Per questo diviene non solo funzionale ma anche necessaria una apposita fase di istruzione, nella quale marcare a livello inconscio e incidere nel profondo le regole morali e comportamentali nonché le gerarchie che poi ne dovranno guidare l’esistenza all’interno del gruppo sociale.
Di conseguenza, il piccolo non viene visto come un giovane adulto, con proprie visioni e predisposizioni da accettare e se possibile sviluppare, ma, al contrario, viene considerato e trattato come un cucciolo, incapace di una propria elaborazione del mondo, da crescere, educare ed istruire, cioè da far diventare adulto, secondo criteri e canoni precostituiti e standardizzati.
Questo certamente non supporta lo sviluppo di una solida autostima del ragazzo, nel quale si instilla il dubbio, il senso di incapacità e di inadeguatezza ad affrontare la vita senza l’apprendimento delle regole impostegli in famiglia. Inoltre, chi non si adegua, chi non si omologa, anziché venir compreso, accettato e stimolato nella sua diversità, finisce per diventare il cattivo, il diverso, magari anche l’invidioso e diventa spesso oggetto di azioni che fan leva sul senso di colpa per cercare di ricondurlo nei ranghi, schiacciandone la sua già toccata autostima sotto colpe morali che non fanno altro che amplificare la sua insicurezza.

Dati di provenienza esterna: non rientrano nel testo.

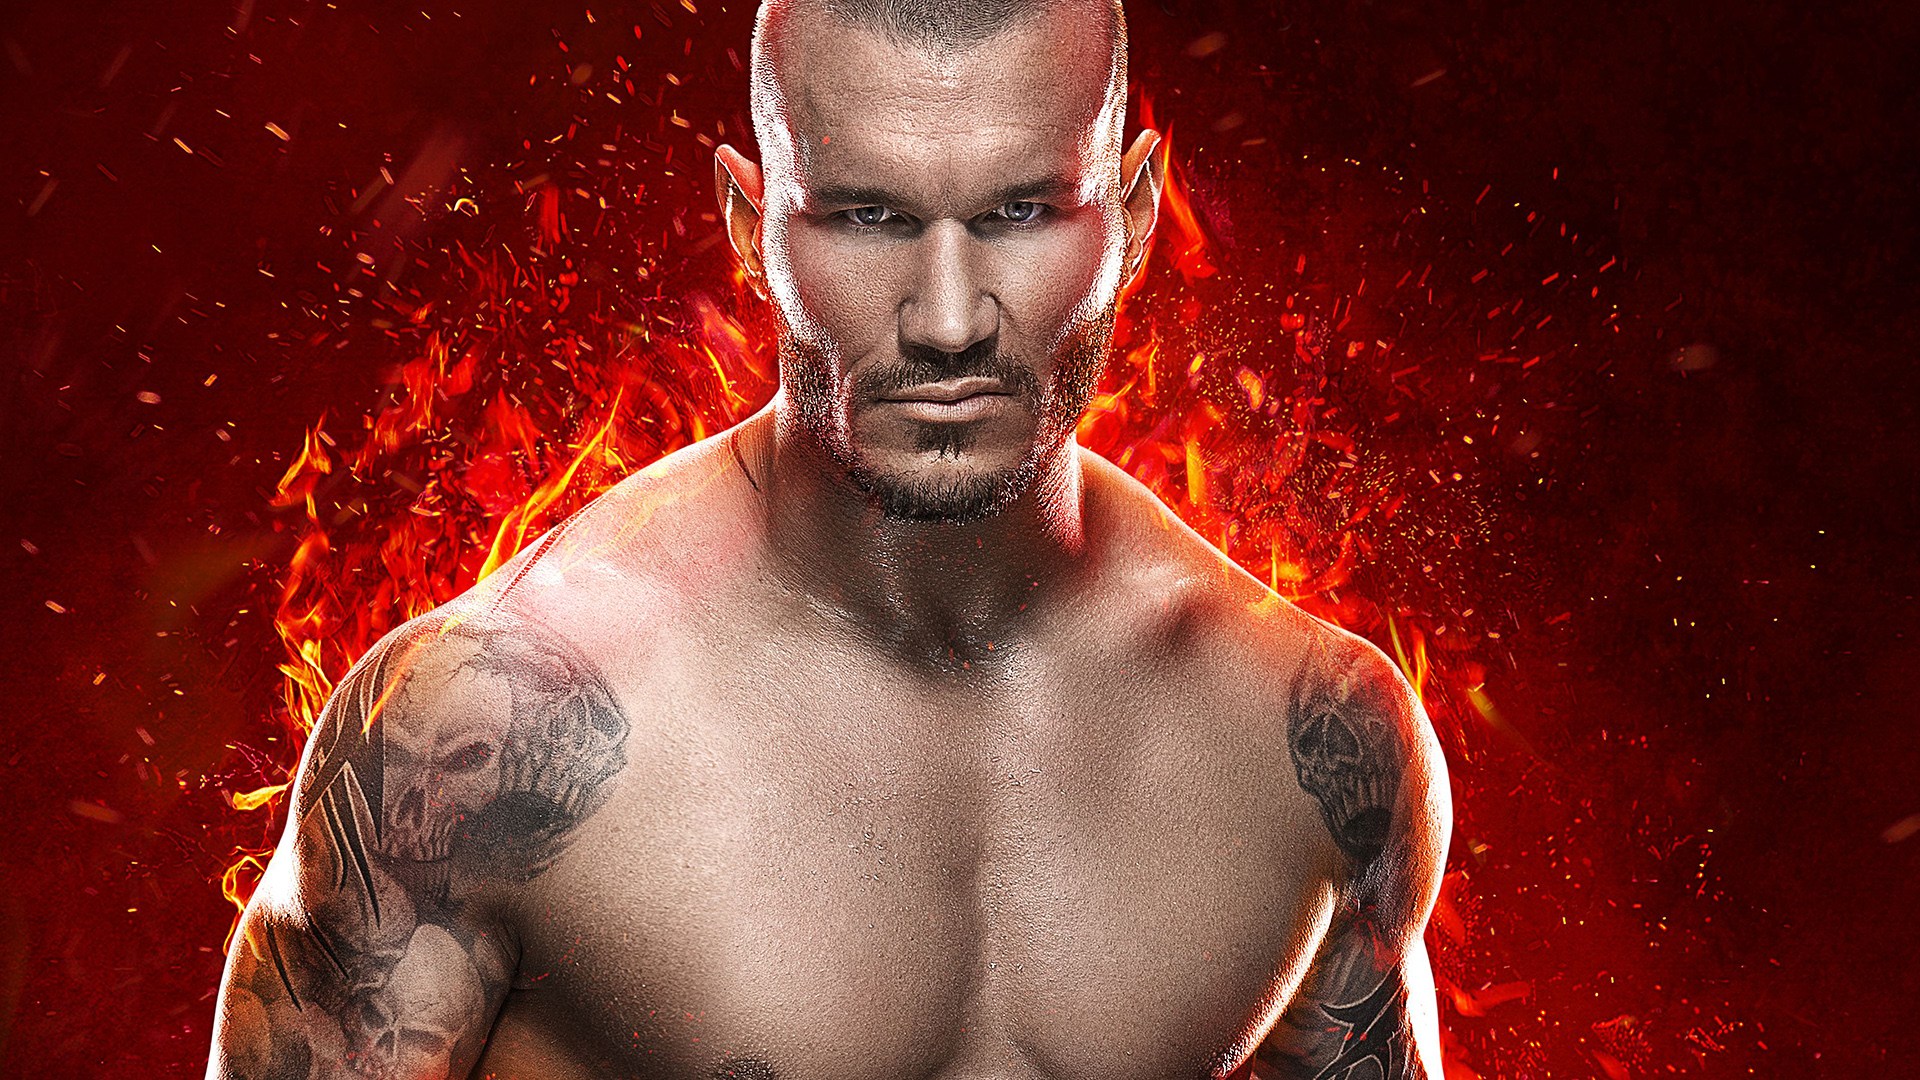 Randy Orton 1080p Hd Wallpaper Background - Wwe Randy Orton Image 2015 , HD Wallpaper & Backgrounds

E’ poi in società che questo processo si completa. Infatti, coi compagni, il bambino non può che ricercare l’approvazione e l’accettazione, pagate a prezzo della rinuncia alla propria individualità, per seguire i comportamenti e le logiche tipiche del gruppo (branco).
Con gli educatori le cose non sono poi tanto diverse: la capacità e lo spirito di socializzazione sono valori che vengono diffusi agli allievi sin da piccoli, spesso oltre il limite del rispetto reciproco. Inoltre, gli attuali sistemi scolastici, basati su strumenti e metodi di insegnamento standardizzati, hanno cancellato il ruolo fondamentale dell’empatia che potrebbe, o dovrebbe, stabilirsi tra insegnante ed allievo, a favore di una meccanizzazione (per non dire burocratizzazione) dei processi di insegnamento, di apprendimento e di valutazione che disconoscono il principio della diversità personale.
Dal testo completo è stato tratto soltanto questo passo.